Hmmm, I read the instructions and have been following them correctly, as far as I know. Perhaps I did something goofy when patching the default value issue and didn't properly check. I'll look again, apologies for that. For lint is there something else other than "pre-commit run --all" because it's showing clean for me?

(pandera-dev) ➜  pandera git:(feature/687) pre-commit run --all

check python ast.........................................................Passed
check for case conflicts.................................................Passed
check for merge conflicts................................................Passed
check yaml...............................................................Passed
debug statements (python)................................................Passed
fix end of files.........................................................Passed
trim trailing whitespace.................................................Passed
mixed line ending........................................................Passed
isort....................................................................Passed
flynt....................................................................Passed
black....................................................................Passed
pylint...................................................................Passed
mypy.....................................................................Passed
- hook id: mypy
- duration: 0.88s

Success: no issues found in 125 source files

cosmicBboy · 2023-06-28T14:09:27Z

weird, I'm able to reproduce CI:

❯ pre-commit run --all
check python ast.........................................................Passed
check for case conflicts.................................................Passed
check for merge conflicts................................................Passed
check yaml...............................................................Passed
debug statements (python)................................................Passed
fix end of files.........................................................Passed
trim trailing whitespace.................................................Passed
mixed line ending........................................................Passed
isort....................................................................Passed
flynt....................................................................Passed
black....................................................................Failed
- hook id: black
- files were modified by this hook

reformatted pandera/api/pandas/model.py

All done! ✨ 🍰 ✨
1 file reformatted, 134 files left unchanged.
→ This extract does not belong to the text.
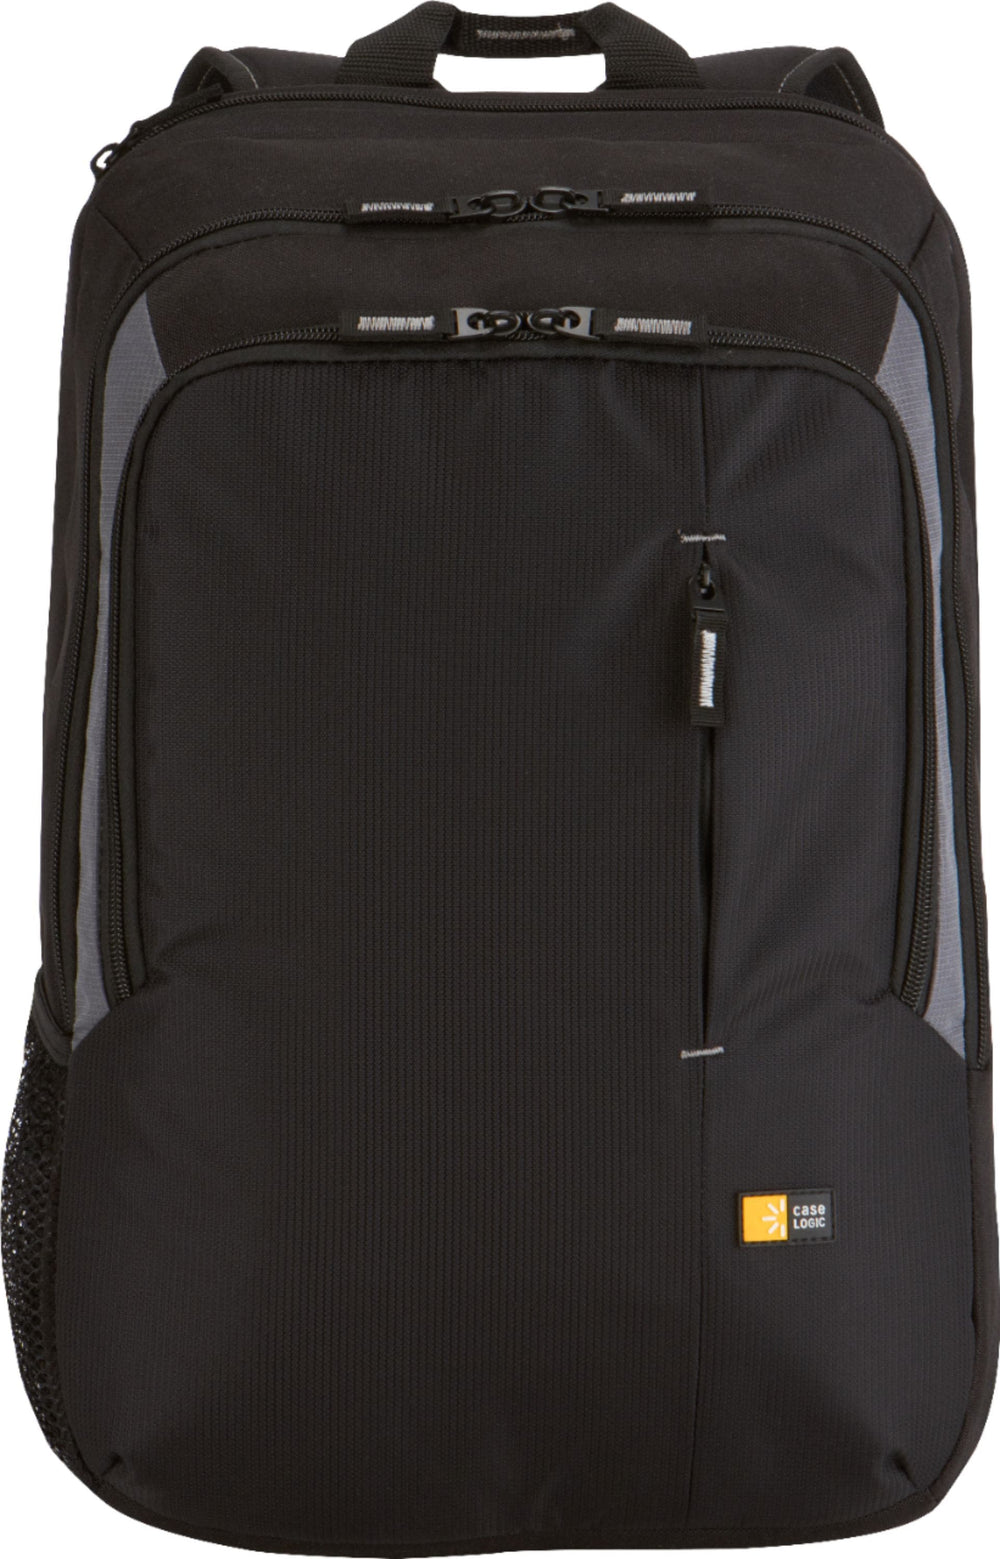 Case Logic - Backpack Laptop Case for 17" Laptop - Black_1

pylint...................................................................Failed
- hook id: pylint
- exit code: 8

************* Module pandera.api.pandas.container
pandera/api/pandas/container.py:32:4: R0914: Too many local variables (16/15) (too-many-locals)

--------------------------------------------------------------------
Your code has been rated at 10.00/10 (previous run: 10.00/10, -0.00)
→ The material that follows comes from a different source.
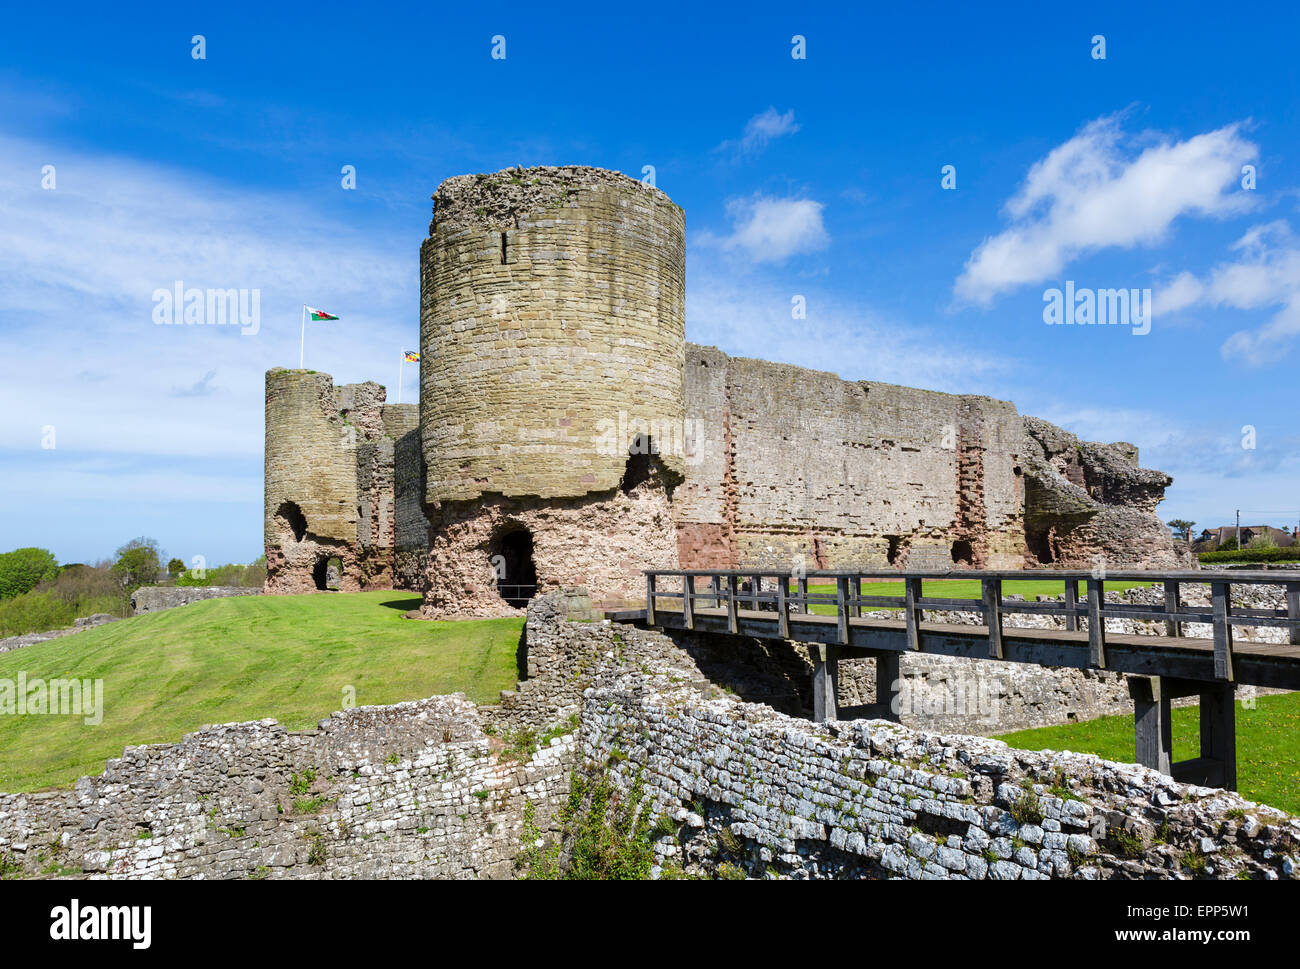 Les ruines de château Rhuddlan sur la rivière Clwyd, Rhuddlan, Denbighshire, Wales, UK Banque D'Images

mypy.....................................................................Passed
- hook id: mypy
- duration: 10.1s

Success: no issues found in 125 source files

Signed-off-by: Niels Bantilan <niels.bantilan@gmail.com>

cosmicBboy · 2023-06-28T21:57:36Z

pandera/backends/pandas/array.py

-            except SchemaError as exc:
-                error_handler.collect_error(exc.reason_code, exc)
+            elif schema.coerce:
+                check_obj[schema.name] = self.coerce_dtype(


we should add a test case for this part of the conditional: basically make sure coercing works in the case the check_obj is not a column/index

Signed-off-by: Niels Bantilan <niels.bantilan@gmail.com>

cosmicBboy · 2023-06-29T12:37:25Z

this PR's in good shape! last thing @derinwalters ... would you mind updating this docs page with a subheader showing how this feature works?

Signed-off-by: Niels Bantilan <niels.bantilan@gmail.com>

cosmicBboy · 2023-06-30T16:12:52Z

I got to it first 😉 congrats on your first contribution to pandera @derinwalters !

derinwalters · 2023-07-01T23:31:59Z

@cosmicBboy That was incredibly kind of you to close out the remaining issues. I was away from home for a few days. Thank you!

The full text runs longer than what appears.